We know that alcohol use has been growing over the years, but have you ever wondered how alcohol affects women differently than men? What about alcohol-related mortality in women? What are the alcohol death rates in the U.S.? Let’s explore the recent findings on alcohol mortality among women and see if there is a gender difference in mortality rates!

Facts and Trends

A recent study published in The Journal of the American Medical Association (JAMA) has found that more women, especially those over 65, are dying from alcohol-related causes than ever before, and the gap between male and female alcohol-related mortality rates is closing. Researchers looked at CDC data, analyzing over 600,000 deaths from 1999 to 2020 that were related to alcohol, like alcohol poisoning, liver diseases, heart problems, severe intoxication, and mental or behavior issues.

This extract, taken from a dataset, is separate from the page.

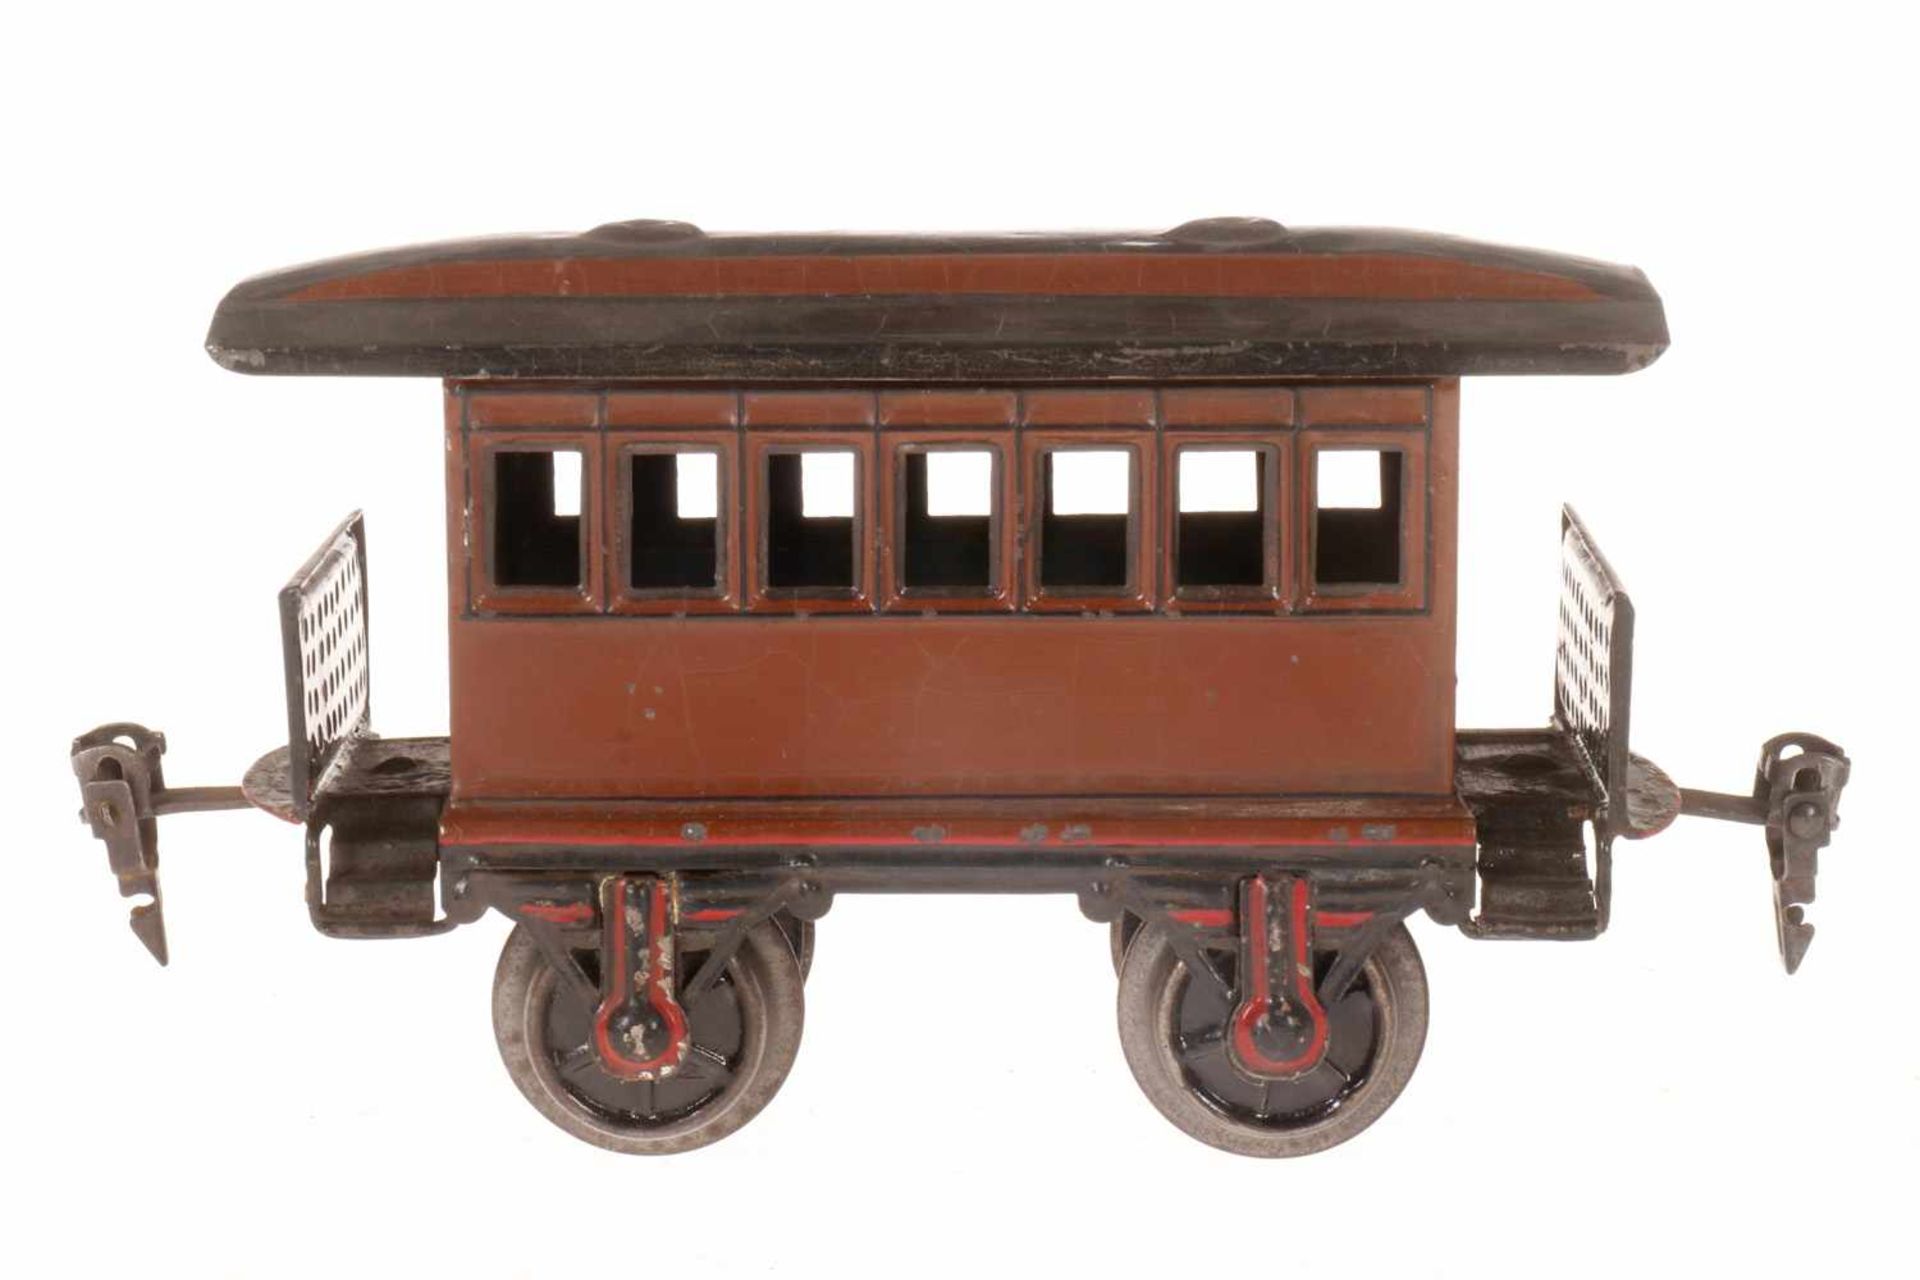 Märklin amerik. Personenwagen 1873, S 1, uralt, braun HL, je 2 Fremdbohrungen in Stirnseiten, LS und

In the past 15 years, deaths from alcohol use have been increasing in the U.S., and although more men have died from alcohol-related use, alcohol related mortality in women is increasing at a faster rate. From 2018 to 2020, deaths rose by 12.5% each year for men but for women, deaths have gone up by 14.7% each year. The study highlighted a rise in deaths among women aged 65 and older. For this age group, deaths increased by 6.7% each year from 2012 to 2020, compared to a 5.2% increase for men aged 65 and older.

Although men are more likely to consume alcohol and engage in binge drinking, women are now drinking more frequently and in larger quantities than in the past.

A survey involving nearly 18,000 college students across the U.S. found that about one in three female students participates in binge drinking, defined as consuming four or more drinks in a short period. The study also found that the incidence of binge drinking at all-women's colleges more than doubled from 1993 to 2001. Despite a higher dependence on alcohol among college men, over half of the college students who abuse alcohol are women.

These trends are concerning because binge drinking poses health risks for both genders and also heightens the risk of engaging in unintended and potentially unwanted sexual activities.

Potential Causes

Although the JAMA study does not offer explanations for this narrowing in mortality, the study’s lead author, Ibraheem Karaye, offers a few potential theories.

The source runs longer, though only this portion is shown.